青く点灯した状態では、ストロークにかかる時間ではなく、弦1本1本が発音する間隔で設定することができます。
どちらを使うかは楽曲全体に合わせれば問題ないでしょう。
Release Time
Releaseは、音をどれだけ伸ばし続けるかの設定が行えます。
白いアイコンに設定した場合は、ノートオフ後に残るリリースタイムを設定でき
青く点灯した状態では、ミュートで演奏した時のリリースタイムが設定できます。
初期状態では長めに設定されているため、コードが変わる箇所がややぼやけて聴こえてしまいます。
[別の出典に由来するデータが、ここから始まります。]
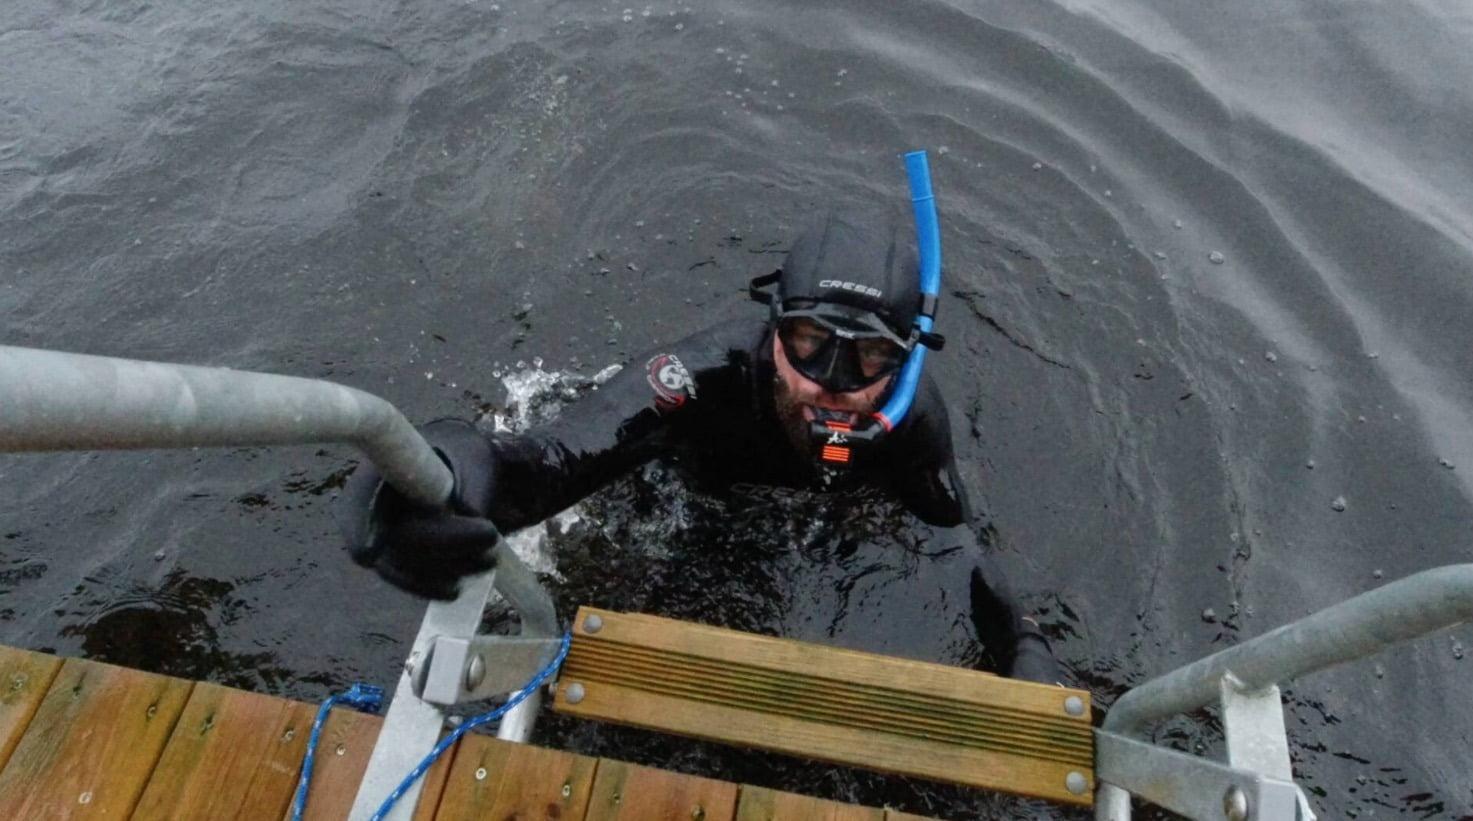 Buoyancy compensator, Scuba diving, Outdoor recreation, Water, Vertebrate, Divemaster, Fluid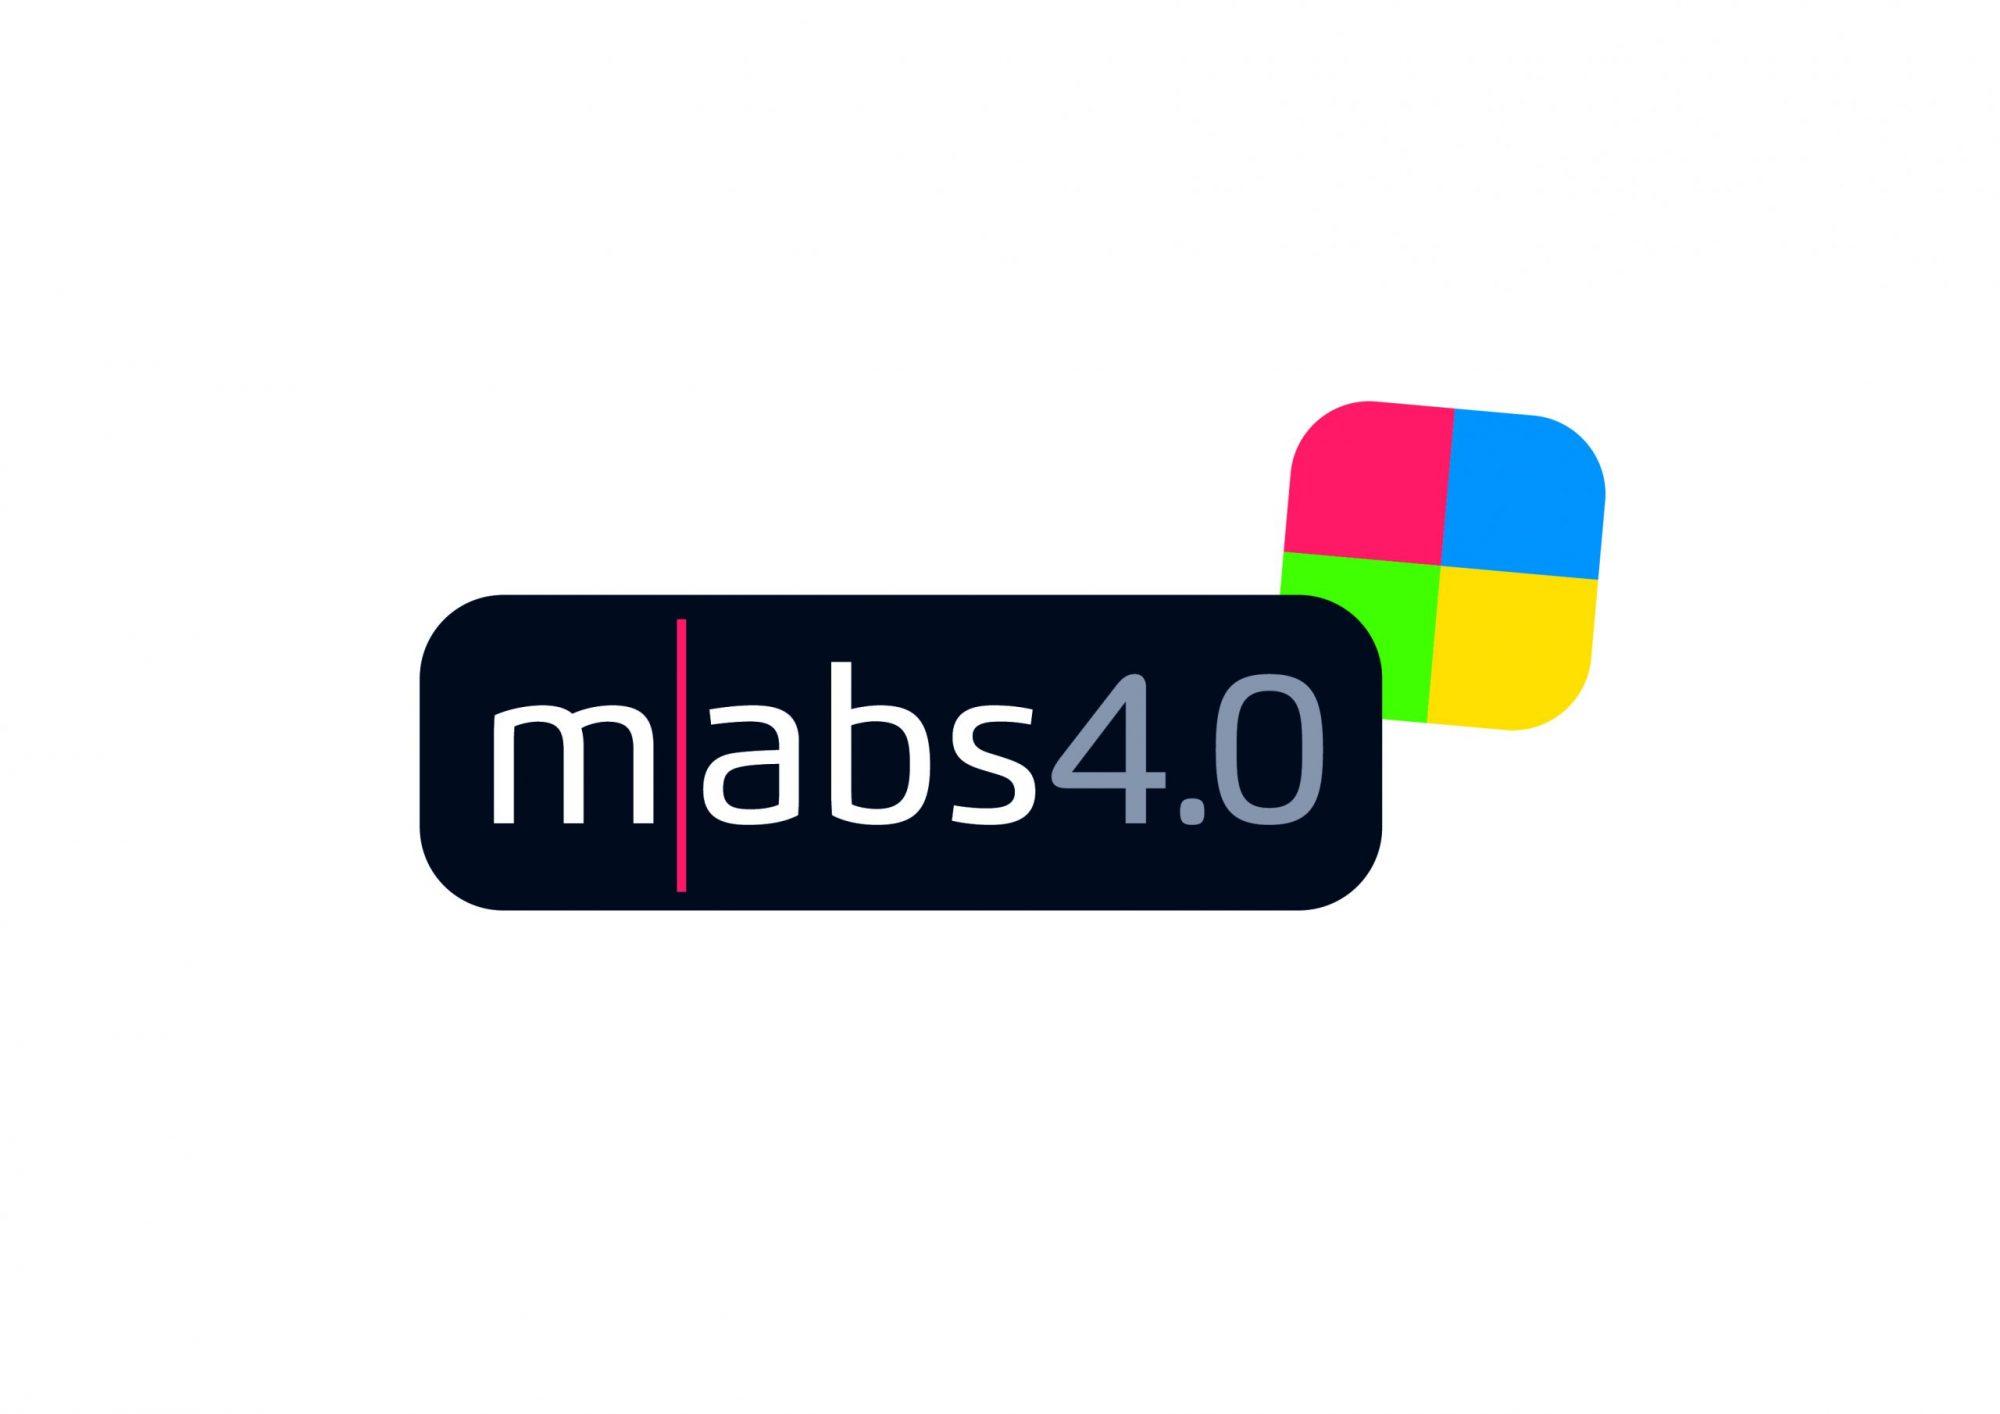 mabs-nl

Strum timeと同様に、短めに設定してから全体で微調整するとやりやすいでしょう。
【注意点!】
青く点灯した状態では、通常の演奏でもリリースタイムが変わってしまいます。
白いアイコンは、ノートが切れてから音が消えるまでの時間を
青いアイコンは、発音されてから減衰が始まるまでの時間を指定すると考えた方がいいでしょう。
また、これらは併用して設定ができないため、どちらかでリリースタイムを設定する必要があります。
Stroke volume
ストローク時に発生するピッキングノイズを設定できます。
0にすればノイズ無しになりますが、少し入れておいた方がよりリアルな打ち込みになります。
Humanizations
各種ランダマイズが行えます。
Humanizationsを程よく設定することで、より人間味のある演奏が再現できますので
曲全体のバランスに合わせて、程よく設定するといいでしょう。
まとめ
Strummerモードは、何回も使ってみないとなかなか理解しにくい機能かなと思います。
初めのうちは苦戦してしまいますが、弾きたい弦の範囲もベロシティで決められるため、突き詰めればかなりリアルなコード演奏が再現できるようになります。
何回か使っていけば必ずコツが掴めてくるはずです。
また、本記事では解説しきれていない機能もいくつかありますので
みなさんも是非、Strummerモードを自身の作品に取り入れてみてください。